** EXERCISE PROMPT **
What is needed is a word-for-word copy of the listing below, without pictures.

** SUPPLIED DATA **
* * * * * * *

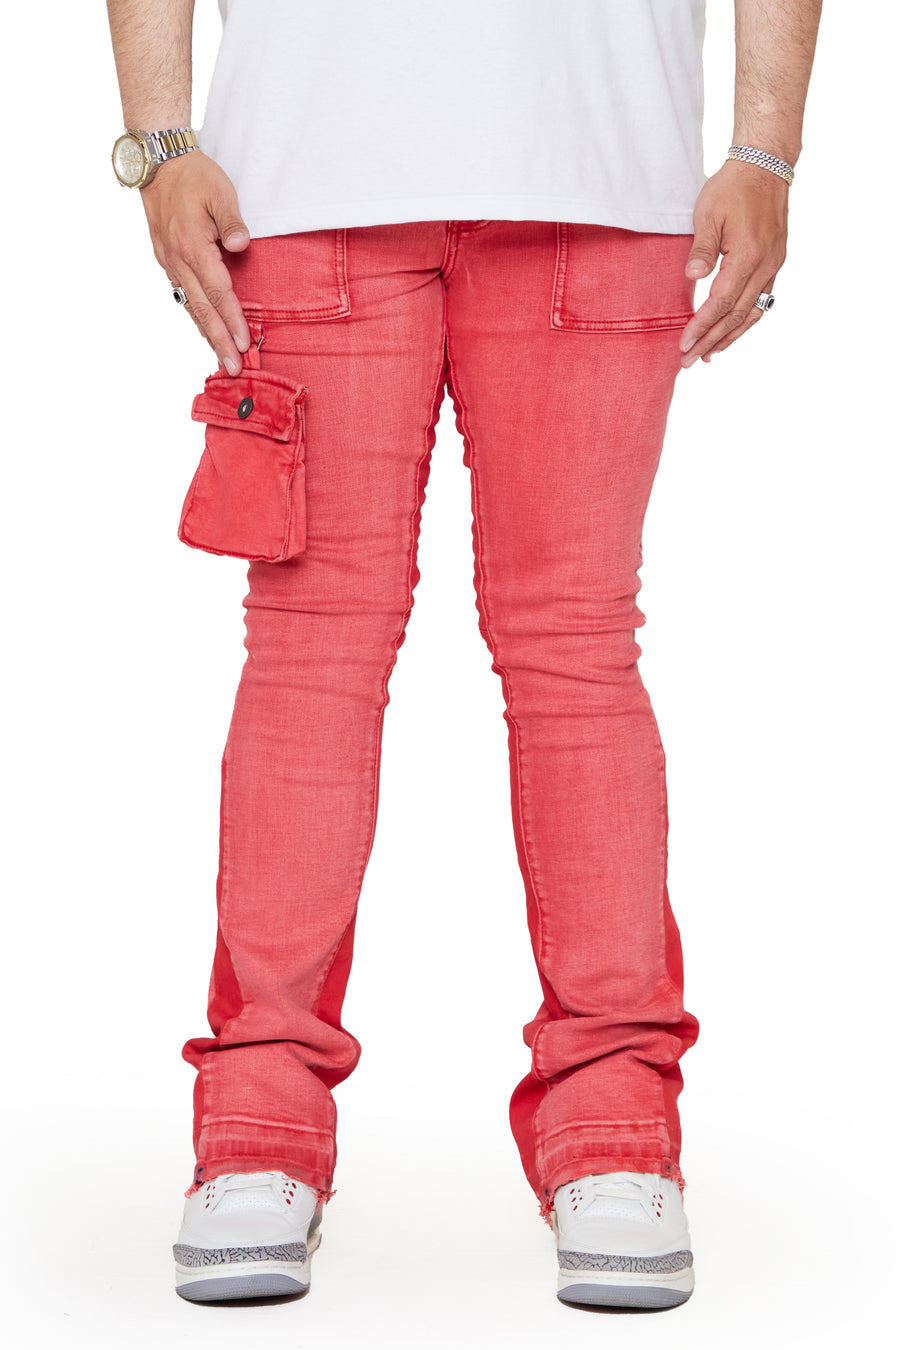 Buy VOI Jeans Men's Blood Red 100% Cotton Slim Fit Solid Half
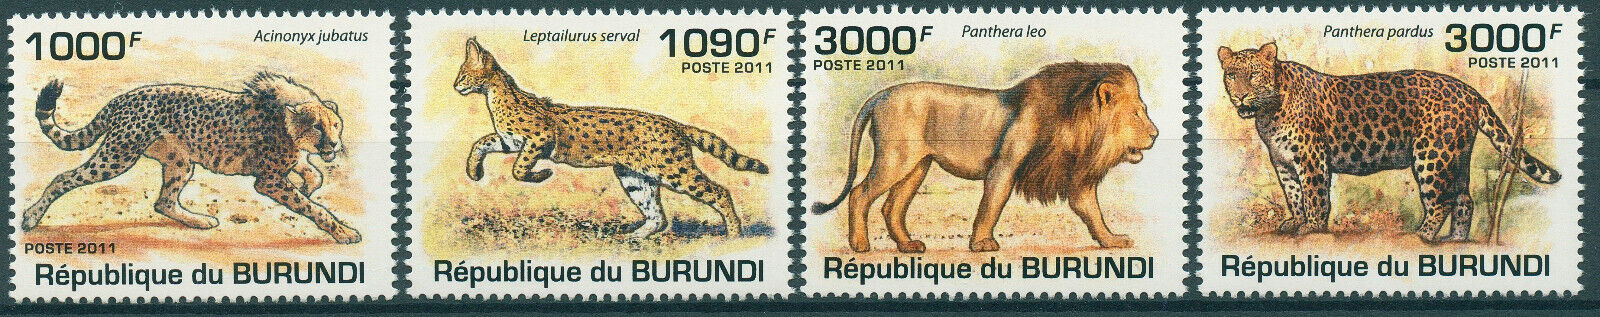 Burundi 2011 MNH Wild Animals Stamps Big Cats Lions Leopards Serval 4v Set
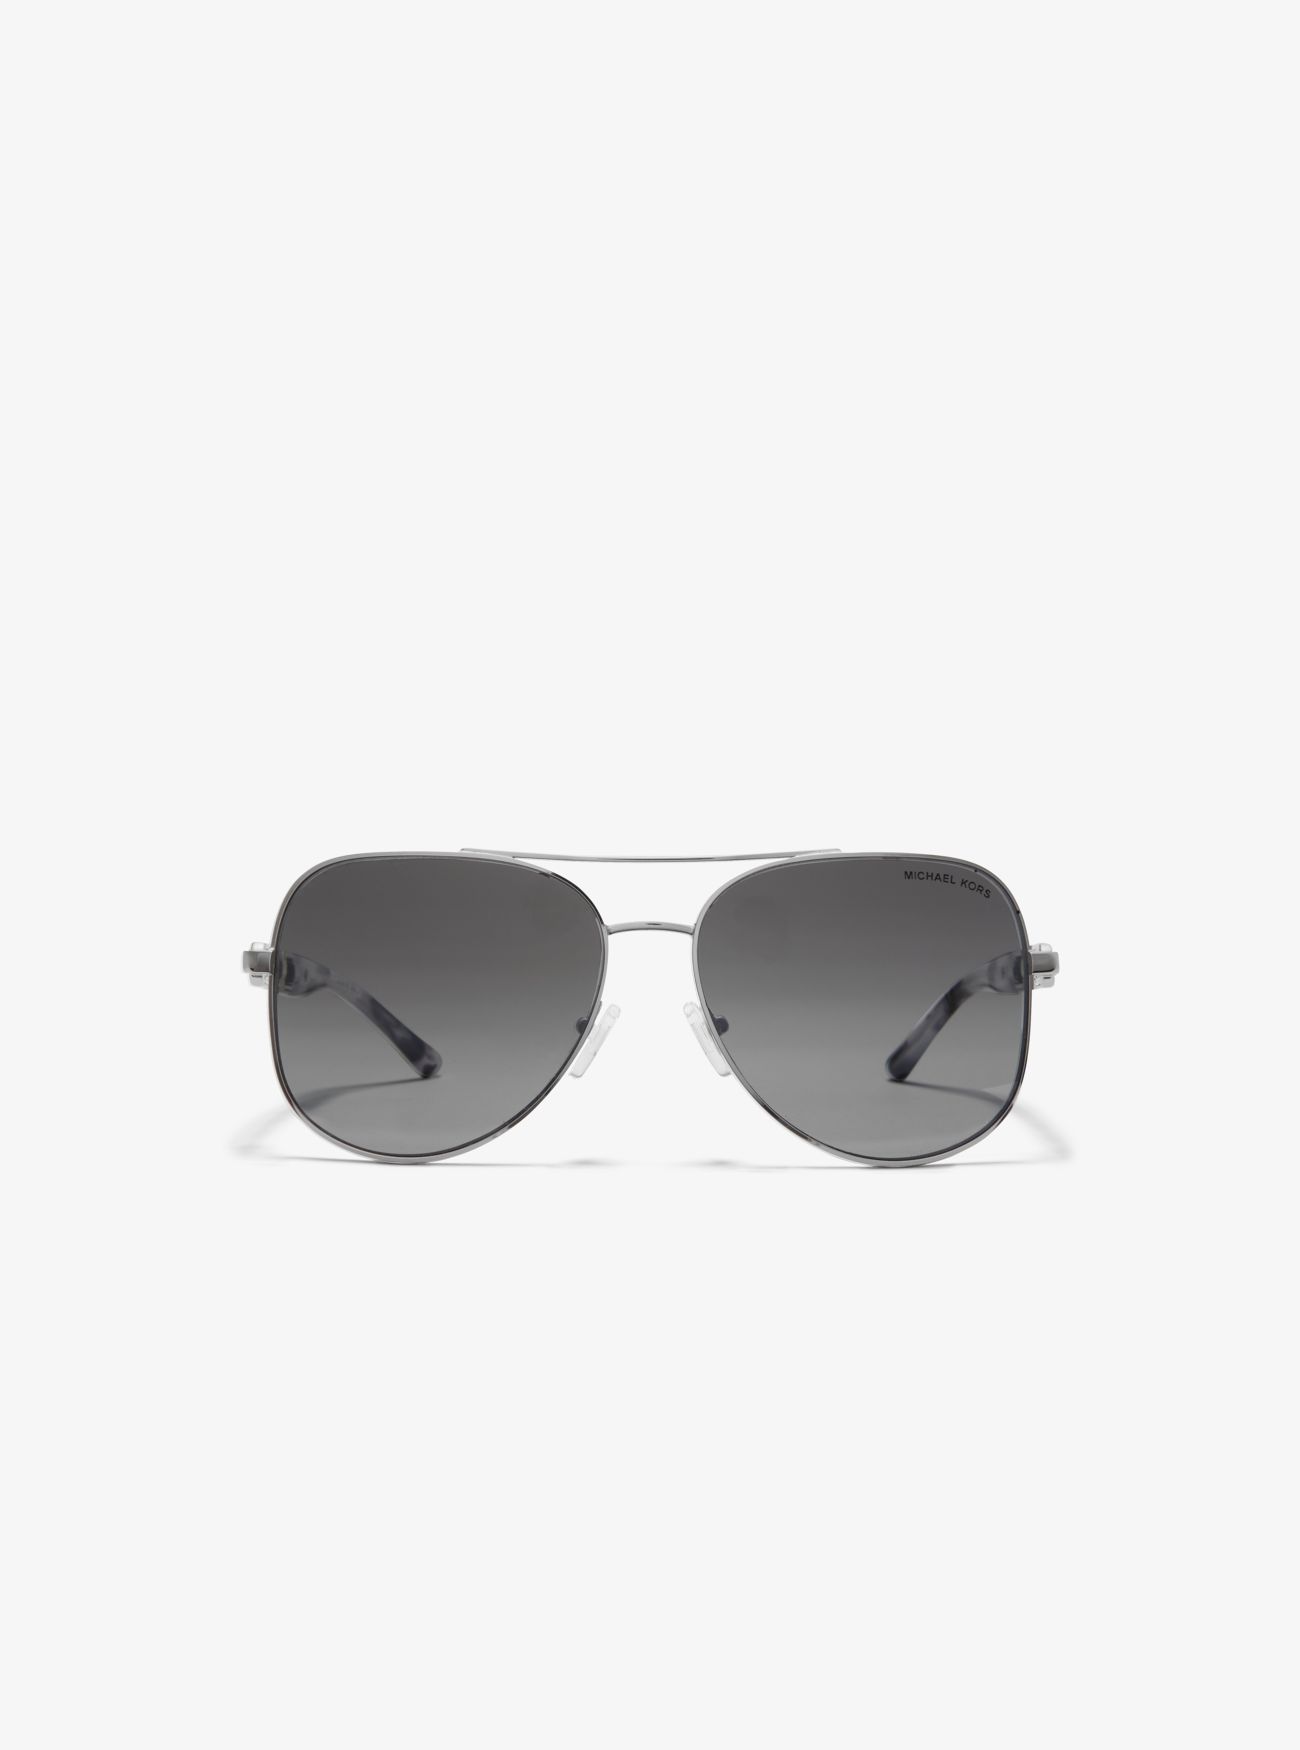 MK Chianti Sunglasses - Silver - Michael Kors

* * * * * * *

** COMPLETED EXERCISE **
 Buy VOI Jeans Men's Blood Red 100% Cotton Slim Fit Solid Half
 Burundi 2011 MNH Wild Animals Stamps Big Cats Lions Leopards Serval 4v Set
 MK Chianti Sunglasses - Silver - Michael Kors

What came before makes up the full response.